To implement Exactly-Once semantics, you have to control and store the offsets for the partitions with the output of your consumer operation. You then have to read the stored positions when your consumer is assigned partitions to consume.
Remember that consumers do not have to use Kafka's built-in offset storage, and to implement exactly once messaging semantics, you will need to read the offsets from a stable storage. In this example, we use a JDBC database.
You will need to store offsets with processed record output to make it “exactly once” message consumption.
You will store the output of record consumption in an RDBMS with the offset, and partition. This approach allows committing both processed record output and location (partition/offset of record) in a single transaction thus implementing “exactly once” messaging.
StockPriceRecord holds offset and partition info
package com.cloudurable.kafka.consumer;
import com.cloudurable.kafka.model.StockPrice;
import org.apache.kafka.clients.consumer.ConsumerRecord;
import org.apache.kafka.common.TopicPartition;
public class StockPriceRecord {
private final String topic;
private final int partition;
private final long offset;
private final String name;
private final int dollars;
private final int cents;
private final boolean saved;
private final TopicPartition topicPartition;
public StockPriceRecord(String topic, int partition, long offset,
String name, int dollars, int cents, boolean saved) {
this.topic = topic;
this.partition = partition;
this.offset = offset;
this.name = name;
this.dollars = dollars;
this.cents = cents;
this.saved = saved;
topicPartition = new TopicPartition(topic, partition);
}
...
}
ACTION - EDIT src/main/java/com/cloudurable/kafka/consumer/StockPriceRecord.java
follow the instructions in the file.
Saving Topic, Offset, Partition in Database
package com.cloudurable.kafka.consumer;
import java.sql.*;
import java.util.ArrayList;
import java.util.List;
public class DatabaseUtilities {
...
public static void saveStockPrice(final StockPriceRecord stockRecord,
final Connection connection) throws SQLException {
final PreparedStatement preparedStatement = getUpsertPreparedStatement(
stockRecord.getName(), connection);
//Save partition, offset and topic in database.

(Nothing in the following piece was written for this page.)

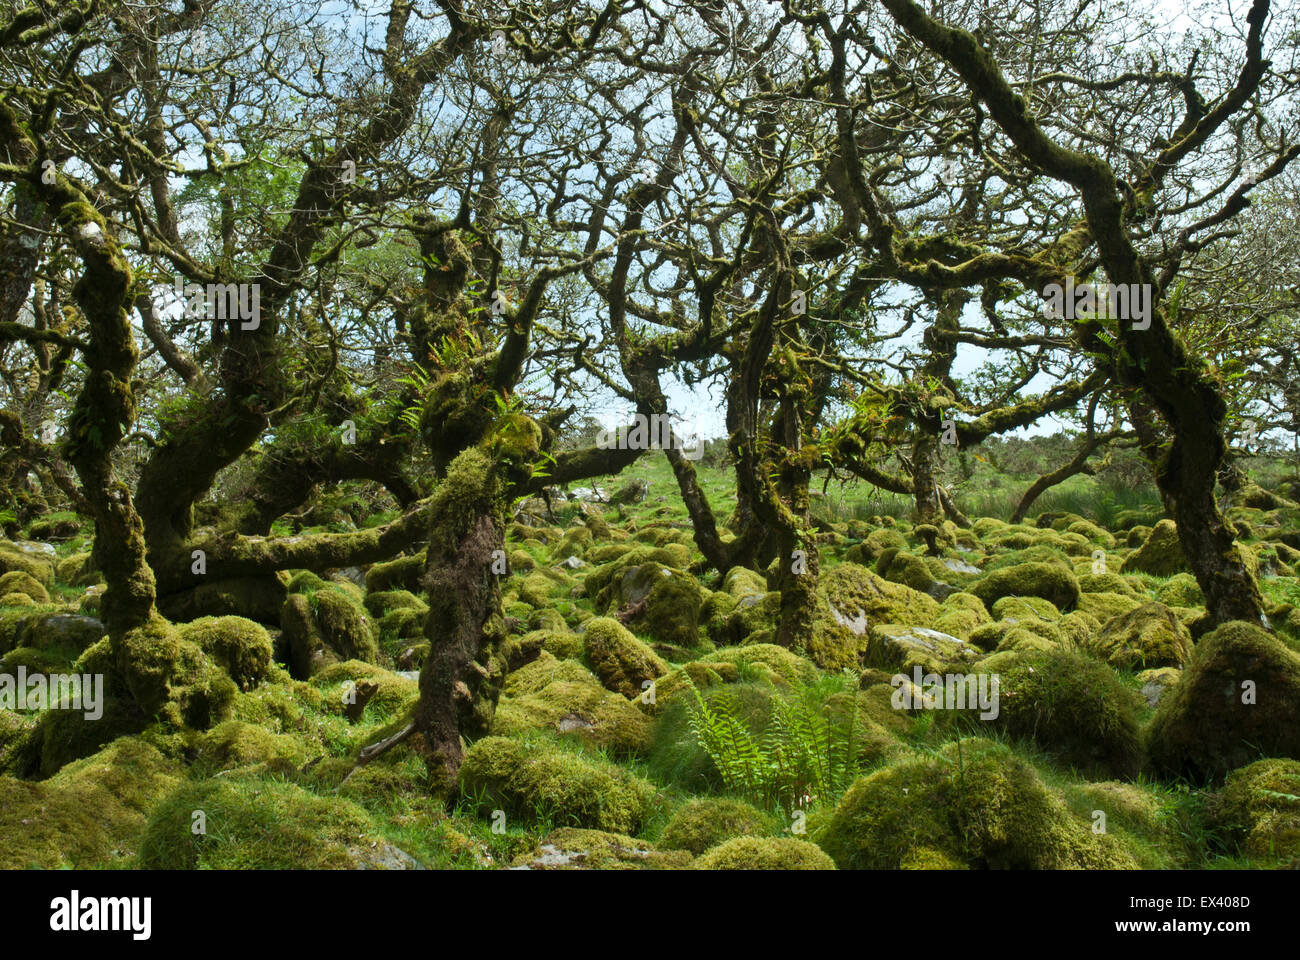 Wistman il legno, Dartmoor Devon UK. Nodose antica quercia nana e massi di granito coperte in verdeggianti muschi e felci. Foto Stock

preparedStatement.setLong( parameterindex:1, stockRecord.getOffset());
preparedStatement.setLong( parameterindex:2, stockRecord.getPartition());
preparedStatement.setString( parameterindex:3, stockRecord.getTopic());
//Save stock price, name, dollars, and cents into database.
preparedStatement.setInt( parameterindex:4, stockRecord.getDollars());
preparedStatement.setInt( parameterindex:5, stockRecord.getCents());
preparedStatement.setString( parameterindex:6, stockRecord.getName());
//Save the record with offset, partition, and topic.
preparedStatement.execute();
}
...
}
To get exactly once, you need to safe the offset and partition with the output of the consumer process.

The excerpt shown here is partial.